RUISDAEL, Jacob Isaackszon van
(b. ca. 1628, Haarlem, d. 1682, Amsterdam)

Landscape with a View of Haarlem

1670-75
Oil on canvas, 52 x 65 cm
Staatliche Museen, Berlin

Jacob van Ruisdael was one of the most significant landscapists of the seventeenth century, the Golden Age of Dutch art. He created several "icons" in the field, whose message goes far beyond the beauty and poetry of the landscape panorama and the objective, topographical rendering of excerpts from nature to take on symbolic force.

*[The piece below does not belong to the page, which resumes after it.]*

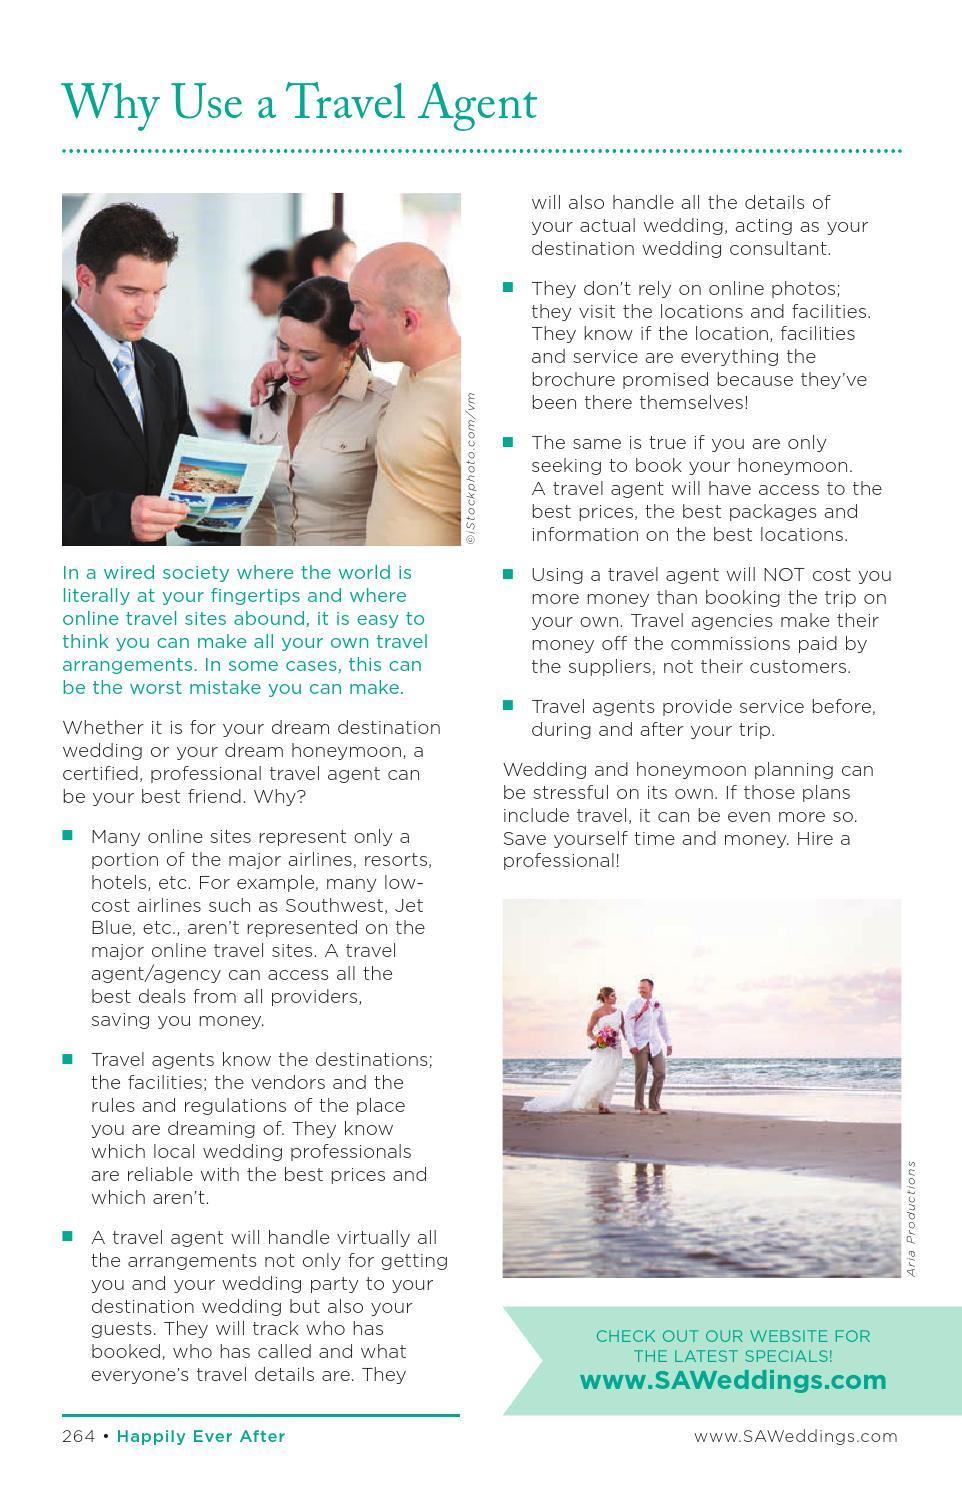 San Antonio's Wedding Guide #55

This is especially true of his superb Landscape with a View of Haarlem. From the elevated position of the dunes to the northwest of Haarlem, the eye catches sight of the red-tinged roofs of the town, the mighty structure of Saint Bavo and the other churches, the town hall and, at the edge of the town, the many windmills on the ramparts. The cloudy sky, reaching up from a low horizon, is reflected in the flat countryside in the interplay of strips of light and shadow. Long linen cloths are spread out to bleach on the meadows in the foreground - at the time of the painting linen manufacture was an important industry of the town. Ruisdael accorded the bleaching of linen an important place in nearly all his 'Haarlempjes', about 20 of which have survived.

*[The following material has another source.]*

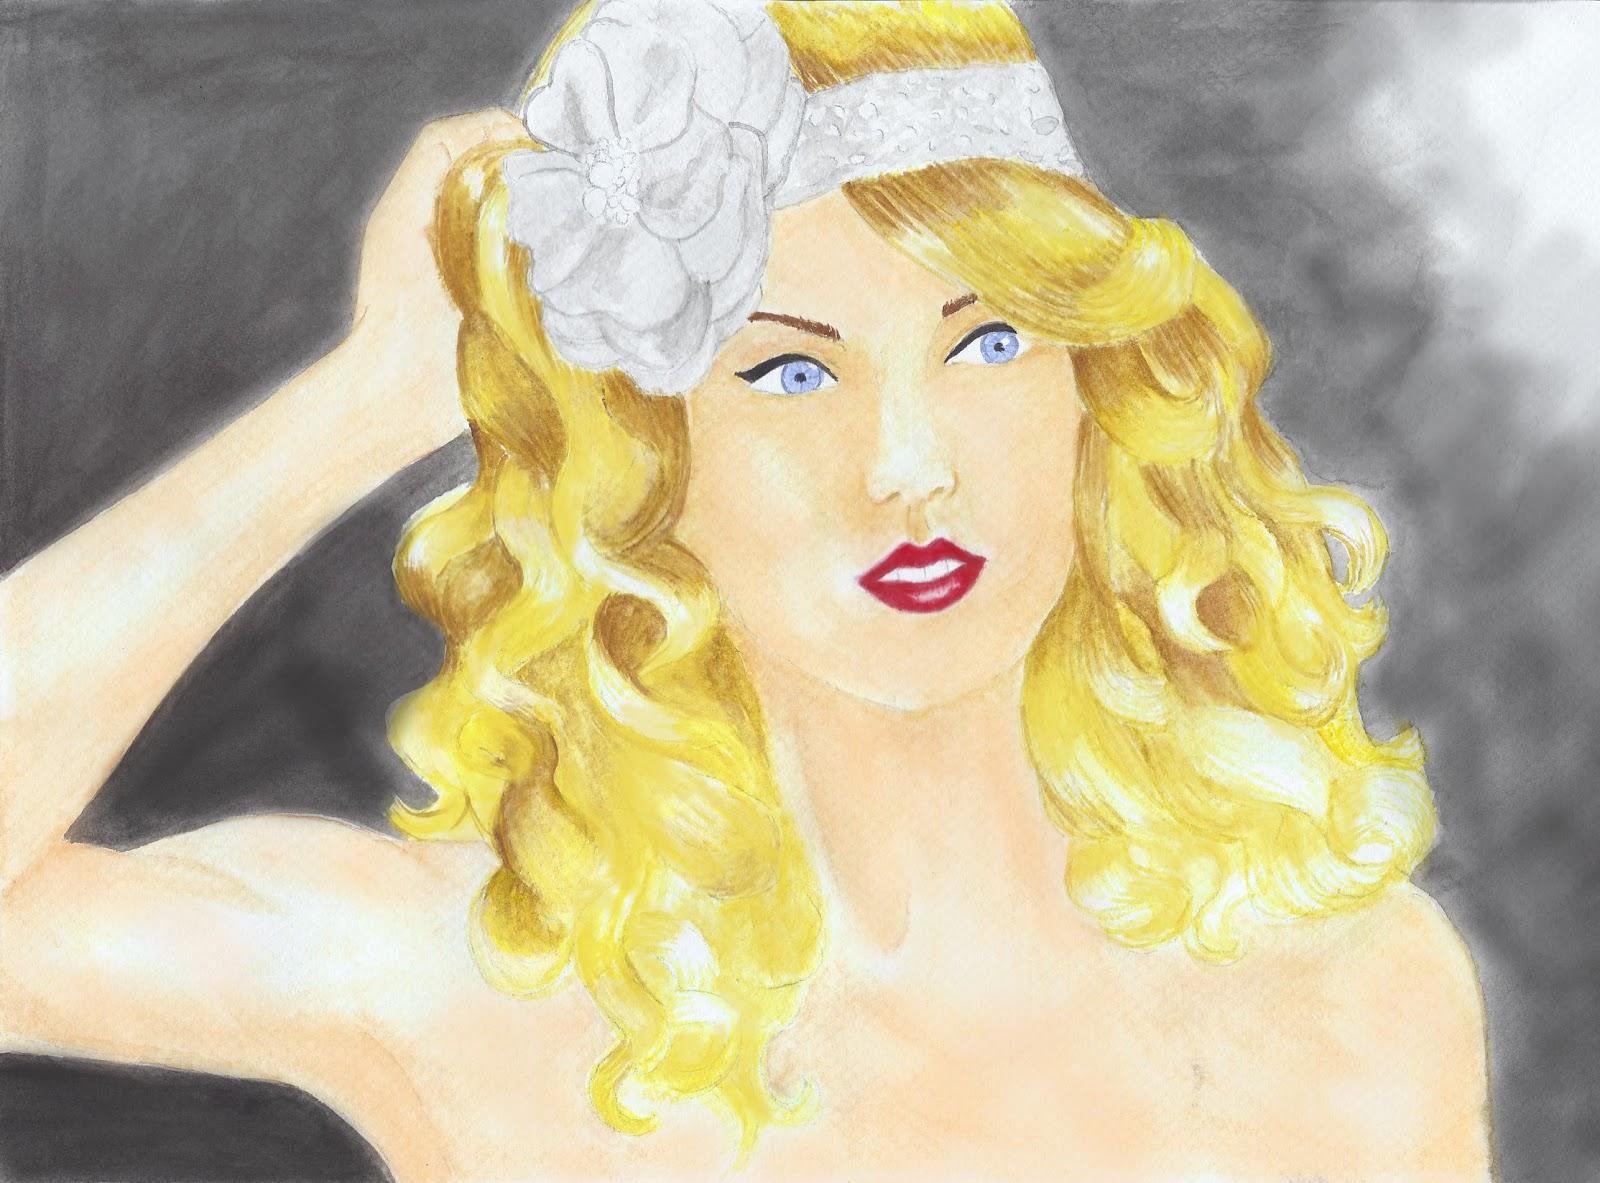 http://3.bp.blogspot.com/-22cenoLCY0U/UHrHY9qJwbI/AAAAAAAAAp4/g_ekQ6h_004/s1600/andy+4.jpg

Allegorical interpretations of Landscape with a View of Haarlem, which go beyond the topographical and refer to the virtue of the purity of the soul, cannot be excluded. Goethe had already characterized Ruisdael as a 'poet' and admired the 'perfect symbolism' in his works. The combination of a composition drawing on nature and an ambitious statement in terms of content is indeed one of the most important stylistic features of Ruisdael, in whose art Dutch landscape painting of the 17th century reached its impressive peak.